Jak przesadzić 8 - letnią choinkę, żeby się przyjęła ??? O to jest pytanie i mam nadzieję, że wiosną okaże się, że cała operacja się udała :)
Wszystko przez mojego starszego synka, który nie wyobrażał sobie, że jego ukochane drzewko nie przeprowadzi się razem z nim. Kiedy się urodził posadziliśmy choinkę, która rosła razem z nim. Od małego wiedział, że to "jego" drzewko i było to dla niego oczywiste, że nie może zostać bez niego...
Cała akcja zaczęła się popołudniu z kompasem w ręce :) Choinka została zaznaczona wstążeczką, według kierunku w jakim stała i rosła.
Następnie obwiązana sznurkiem (aby gałązki się nie zniszczyły) i ostrożnie obkopana i wykopana.

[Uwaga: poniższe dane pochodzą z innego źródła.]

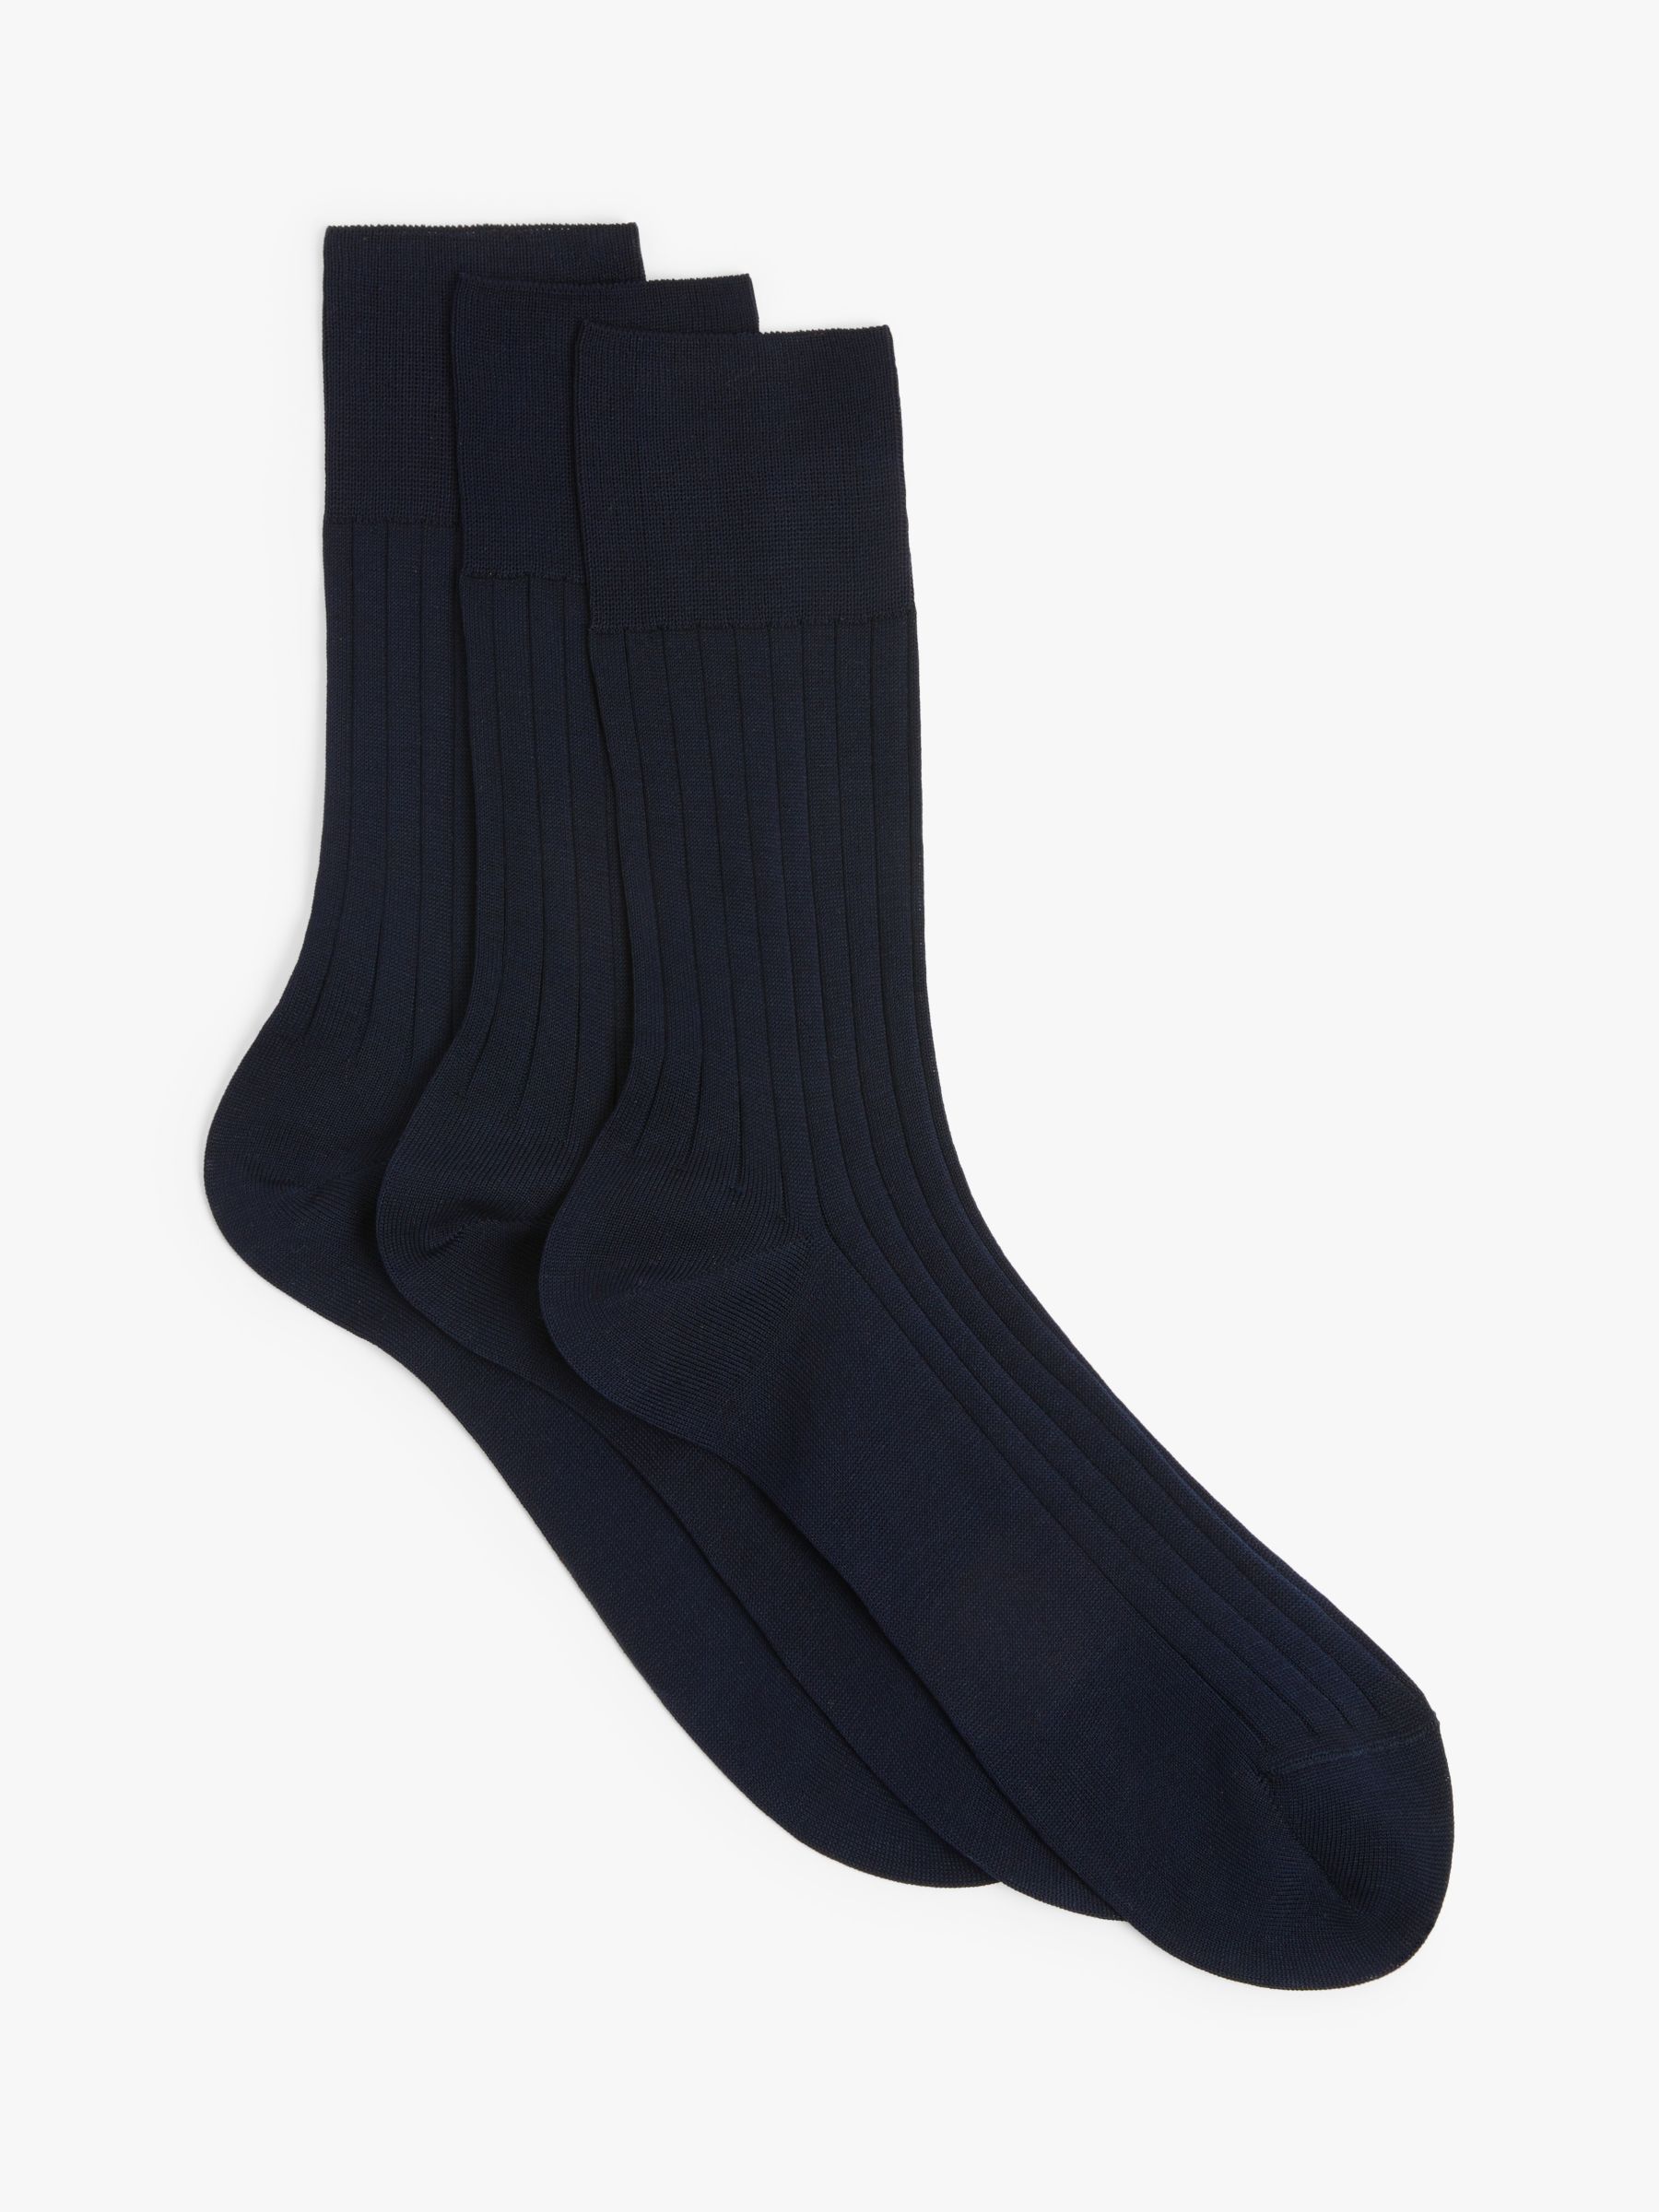 John Lewis Made in Italy Mercerised Cotton Socks, Pack of 3, Navy at ...
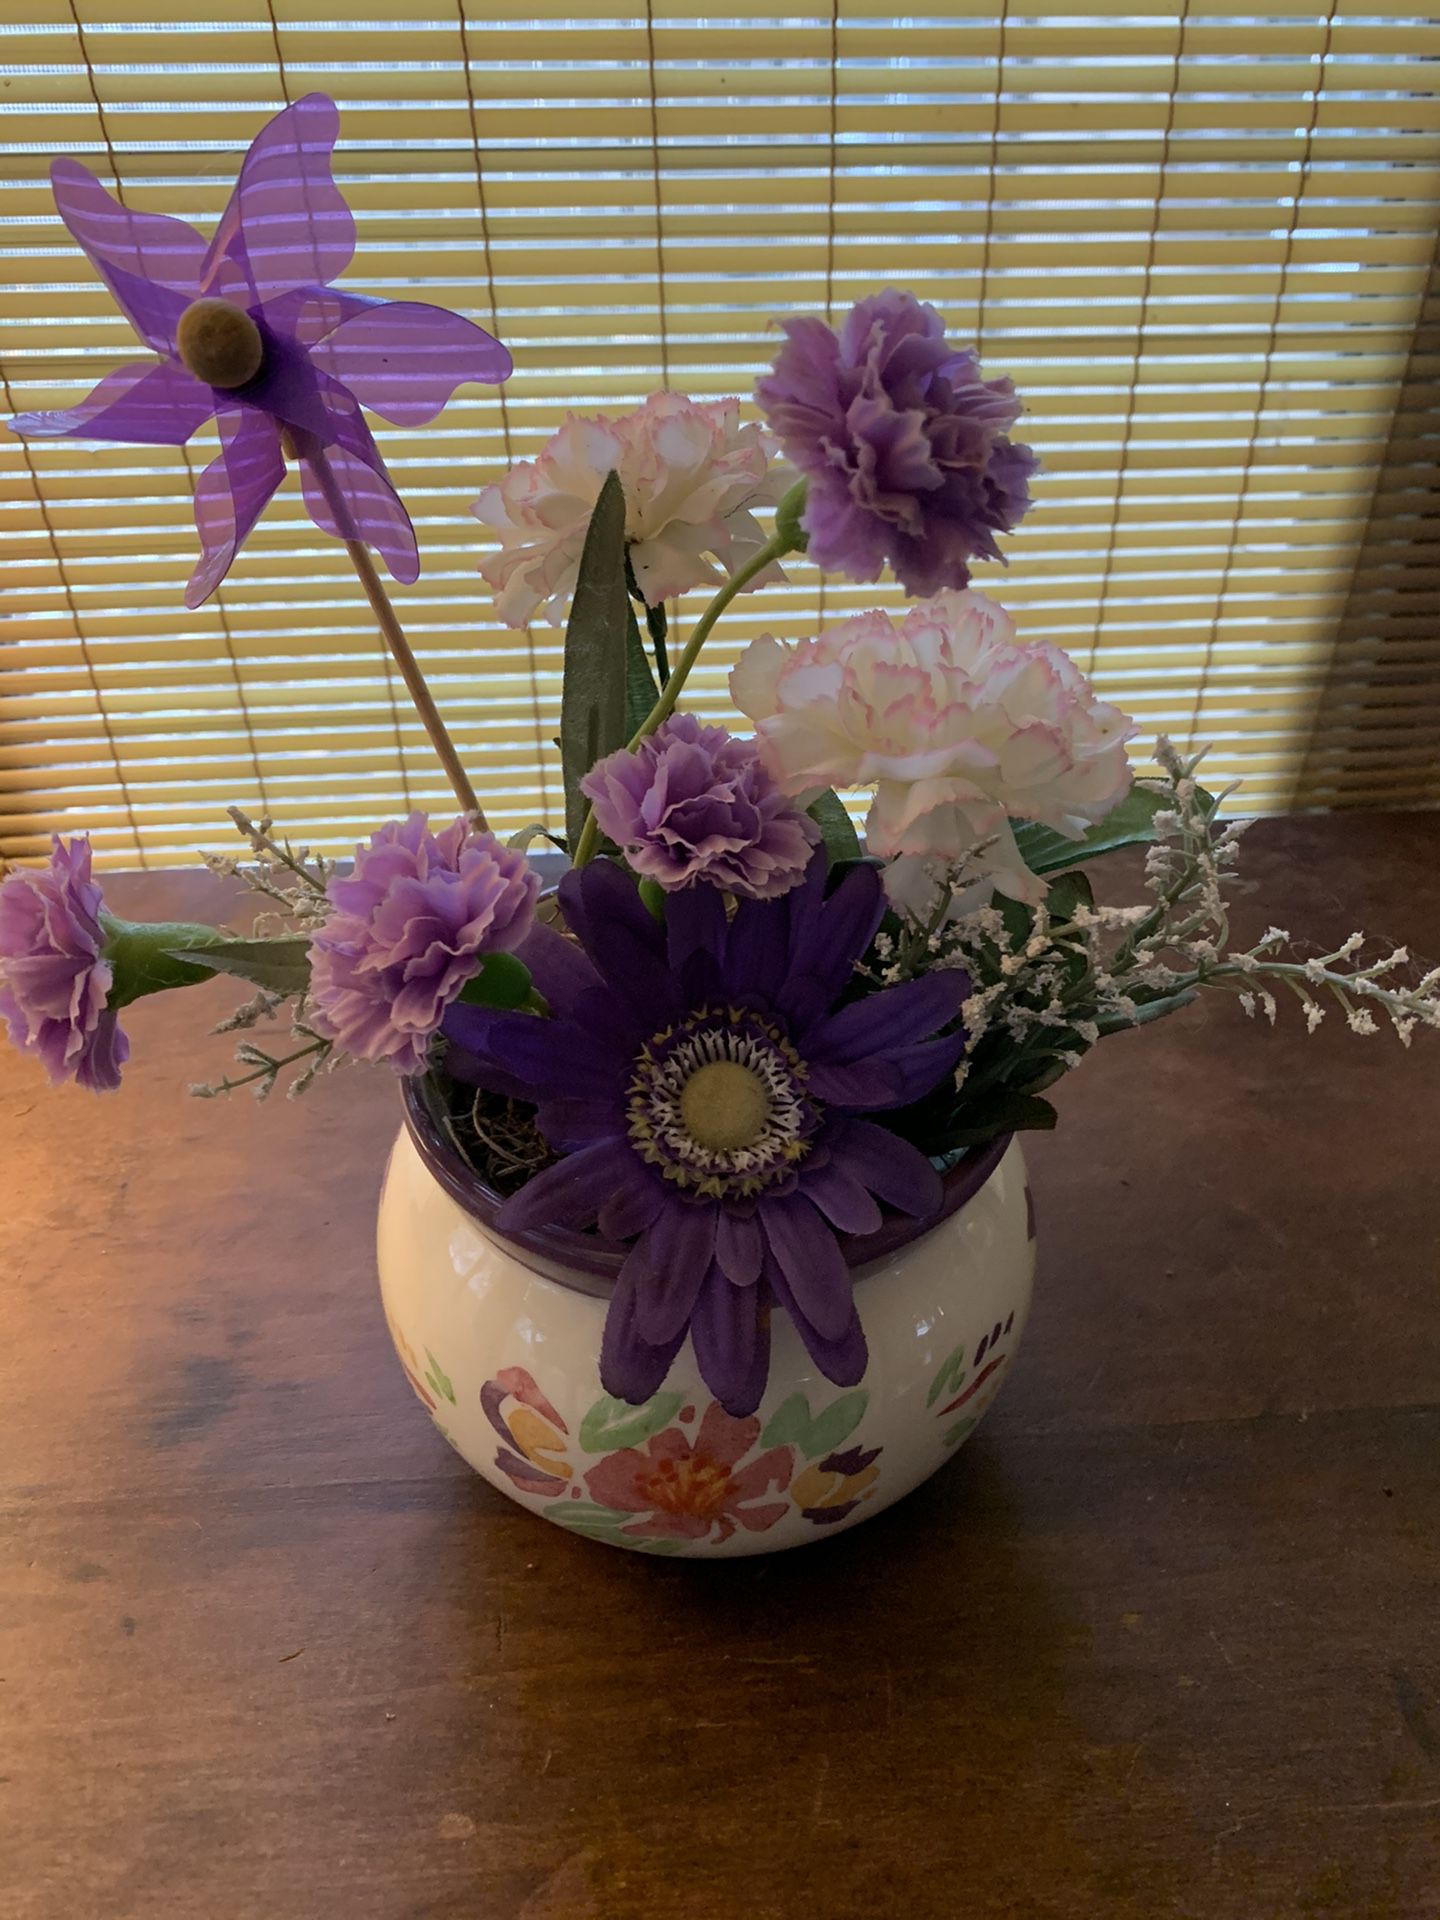 Ceramic vase with artificial flowers

Po przewiezieniu na działkę została posadzona w wybranym przez mojego synka miejscu. Oczywiście z kompasem w ręku...
Teraz trzymamy wszyscy kciuki, żeby się przyjęła. No to do wiosny...
Brak komentarzy:
Prześlij komentarz
Dziękuję za komentarz :))
Pozdrawiam i zapraszam ponownie :))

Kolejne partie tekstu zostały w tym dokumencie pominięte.